Tuesday, December 19, 2006

Copywriting to promote yourself 5 ways

Monica, a very competent businesswoman, was explaining her new website.

“The headline will be my slogan,” she said confidently. “You know: the part that goes, ‘More impact when you speak, every time.’”

Ouch! Definitely not the way to go.

Naturally I’ve disguised the details but Monica’s not unusual. You’ve got at least 5 ways to brag – all different.

(1) Your slogan usually appears near your logo on your website, on your business card and (often) in your elevator speech.

Your slogan should reflect the benefits you offer your clients, not your own uniqueness. I once saw a slogan on a truck, “We know everything about lumber.” My response: “So…why should I care?”

Better: “We use wood to make your home look beautiful.”

Ali Brown’s “Boost business with your own ezine” does the job.
So does Michael Port’s, “The guy to call when you’re tired of thinking small.”

I’ve used “Promotion with professionalism” and, “If your website isn’t making money while you sleep, we need to talk.” My current career slogan: “From career breakdown to career breakthrough.”

(2) Resource box statement. When you send out articles to promote your business, you need a short signature block – 5 to 7 lines – to conclude your article. You’ll need a brief sentence summarizing your uniqueness, such as: “Mary Jones helps high-earning professionals lose their credit card debt and gain financial security in six months or less.”

Some professionals opt for a simpler version: “Bob Smith helped over 200 authors publicize their books to increase sales” or even, “Jane Doe has been helping corporate executives manage their careers since 1992.”

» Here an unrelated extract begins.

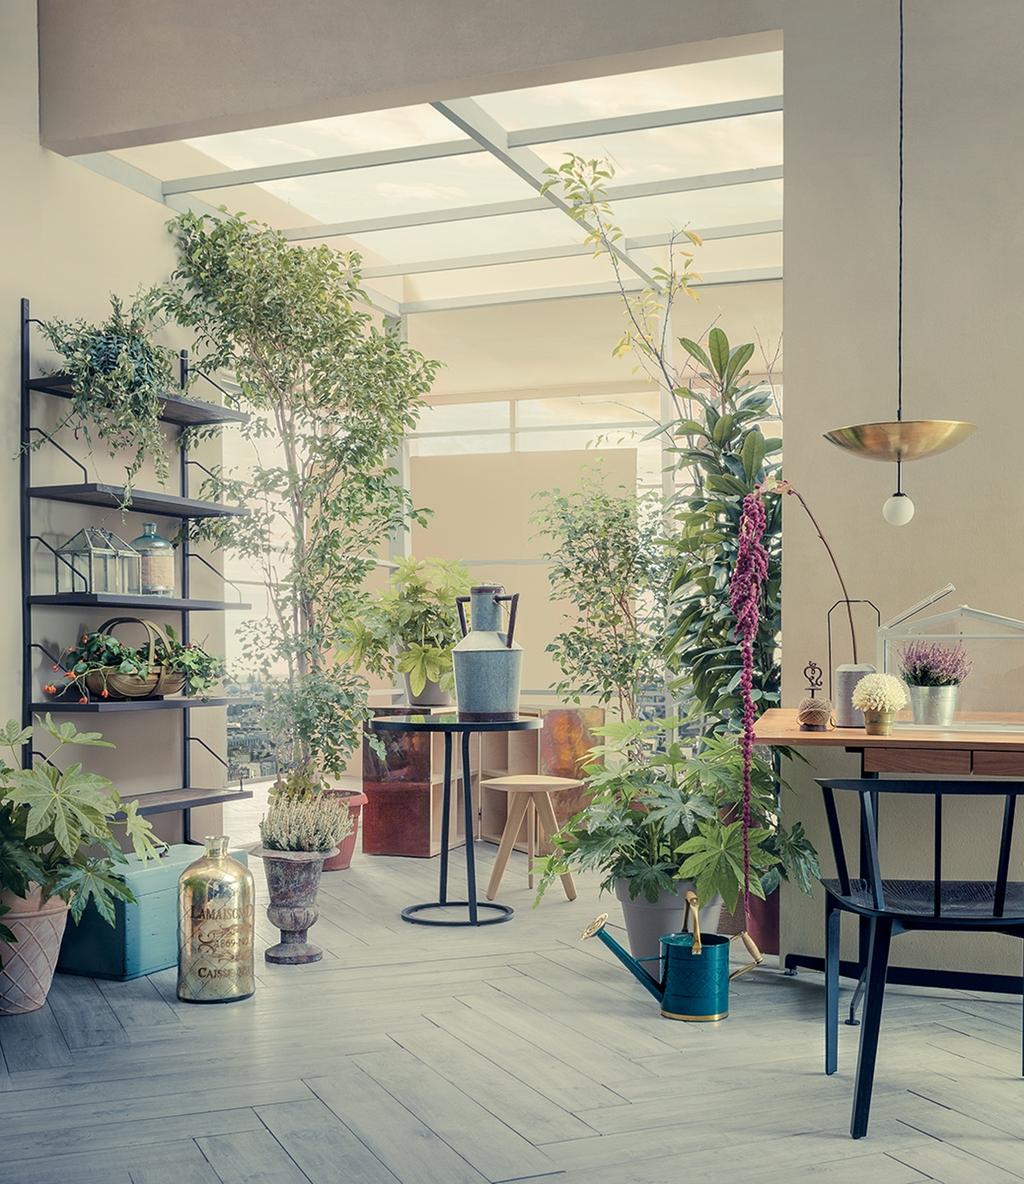 Up down     pendant light   | 117OL-P01 Studio Tenshi - 3 house plants Atmospheric room

I recommend a sentence rather than a phrase because resource boxes get chopped when your article gets published.

The expert here is of course Alexandria Brown the Ezine Queen.

(3) Irresistible freebie.

To motivate website visitors to sign up for your ezine, ecourse or podcast, you need a gift they can’t wait to download. Go for broke with this one: if it feels over the top to you, it’s probably just right for your readers.

Typical titles refer to a number of critical or essential tips. “Secrets” sounds corny but it still works. I’ve had considerable success with “7 best-kept secrets of client attracting copy.” Others might be “How to avoid the 5 deadly mistakes made by career changers.”

Tip: I encourage my copy clients to begin a website copywriting project with the freebie. It’s a good way to get in touch with your clients’ pain.

(4) Headline.

Your home page needs a killer headline that motivates readers to keep reading. We could spend a whole article on this topic – in fact, whole books have been written about headlines.
Lorrie Morgan-Ferrero wrote: "Copywriting: The Secret Weapon Your Competitors Hope You Never Figure Out How to Use!" Learn more!

(5) Elevator speech.

Designing an elevator speech resembles creating copy for your website: you focus on the target and demonstrate your benefits. A new book on elevator speeches that’s worth a look. The author lives here in Seattle and I’ve heard her speak:
Give Your Elevator Speech A Lift

I don’t recommend trying to economize on promotion by using the same concept for all 5 bragging opportunities, although you’ll find this formula applied successfully to packaged goods marketing. Purina Pet Foods has a wonderful trademarked slogan, “Your Pet, Our PassionTM.” They use it on everything from their website to ads. We’re different.